On Monday evening, in the final hours of debate on the $410 billion Omnibus Appropriations Bill that passed the Senate yesterday, Sen. John McCain (R-AZ) offered an amendment that would have effectively erased all so-called “earmarks” from the final legislation.
The amendment was soundly defeated, but Sen. Maria Cantwell (D-WA), oddly enough, voted for the amendment, which would have eliminated all of the earmarks she secured in the bill—one estimate puts Cantwell’s earmark total at about $78 million. She was one of only four Democrats that voted for McCain’s amendment, which was defeated 63-32. largely along partisan lines (GOP aye, Democrats nay.)
The rest of those Democratic Senators—Sens. Evan Bayh (D-IN), Russell Feingold (D-WI) and Claire McCaskill (D-MO)—also voted against the final appropriations bill, which passed, with Cantwell’s vote, 62-35.
Reports say Cantwell has written in around 100 of her own earmarks, and the Taxpayers for Common Sense ranked her no. 49 on their list of Senate earmarkers.
This morning, Cantwell’s office released a statement going into minor detail on the appropriations the Senator helped secure for Washington State, including money for drug initiatives, agriculture funding, and $2 million for coast weather radar, among other funding.
The battle over earmarks—there are 9,000 in the final bill according to the Taxpayers for Common Sense—has reached a fever pitch in recent weeks, with McCain as one of the lead attackers. Sen. Patty Murray was ranked the No. 12 ”earmarker.”
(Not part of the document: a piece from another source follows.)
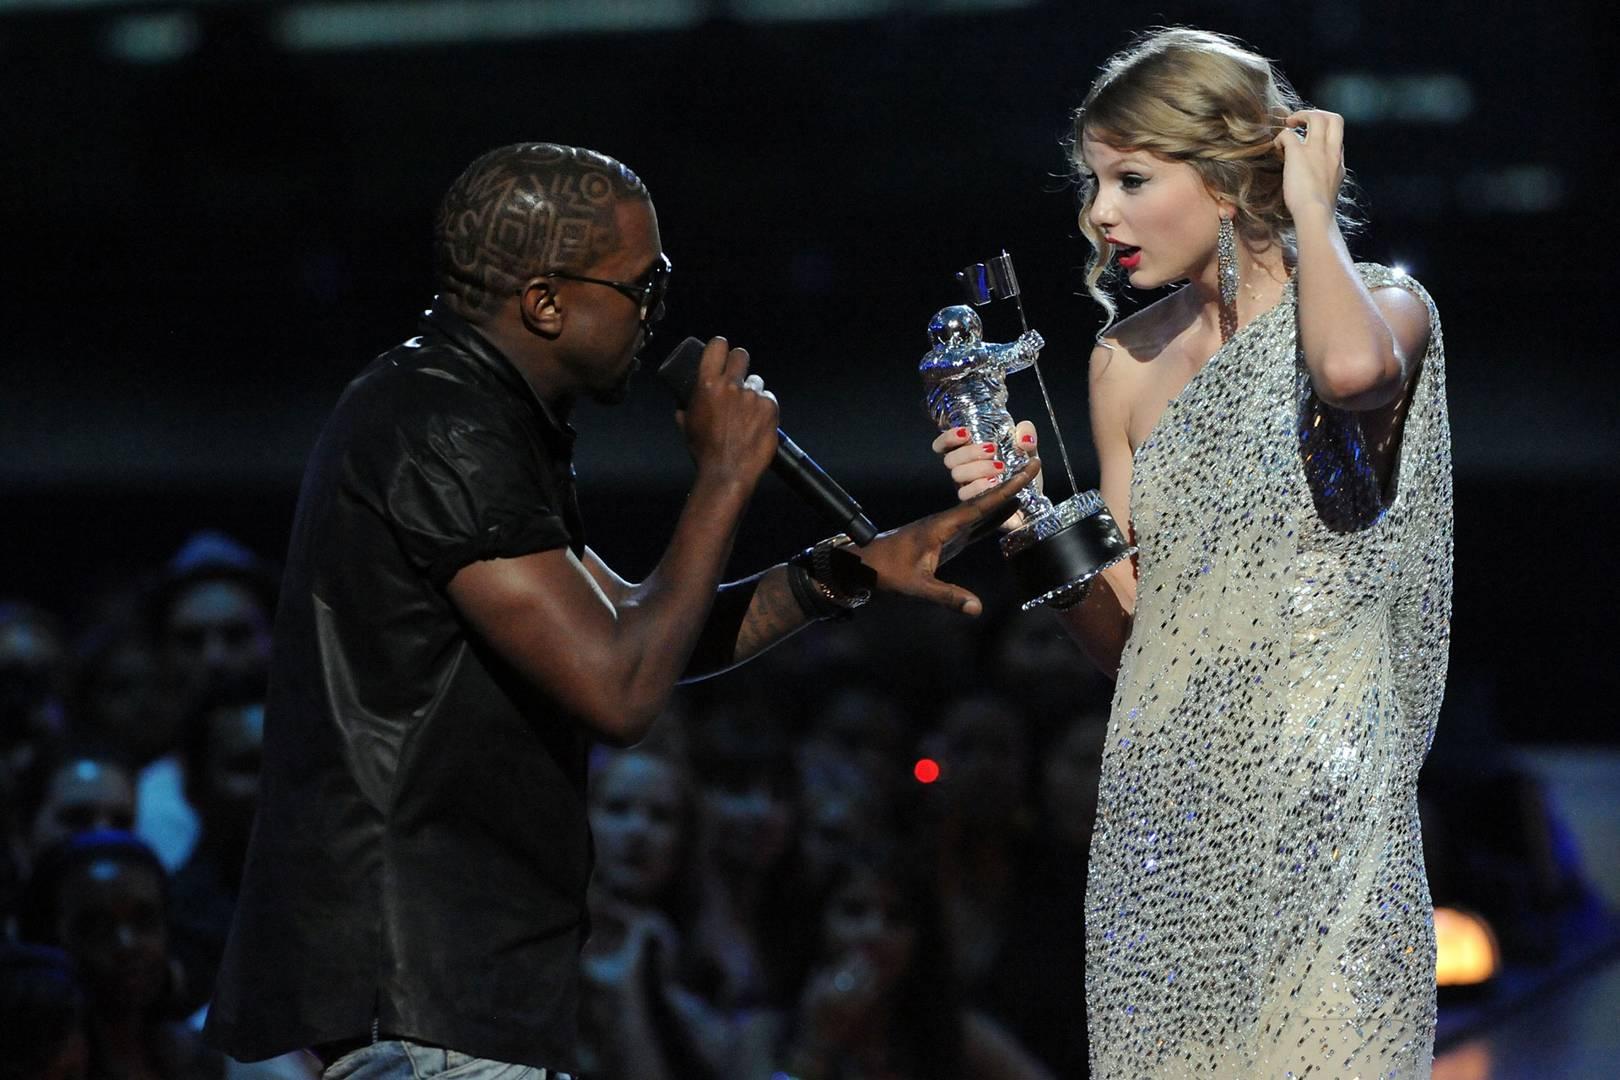 Leaked Audio Catches Kanye West Calling Taylor Swift a Horrible Name Leaked Audio Catches Kanye West Calling Taylor Swift a Horrible Name new pictures

The Appropriations bill was actually drafted last year, under the Bush Administration, and was bogged down in Congress for weeks as the Senate battled it out over the amount of targeted spending in the bill. Cantwell’s office notes that the final Appropriations bill contained five percent fewer earmarks than last year’s bill.
Cantwell’s office didn’t return a call about the vote this morning.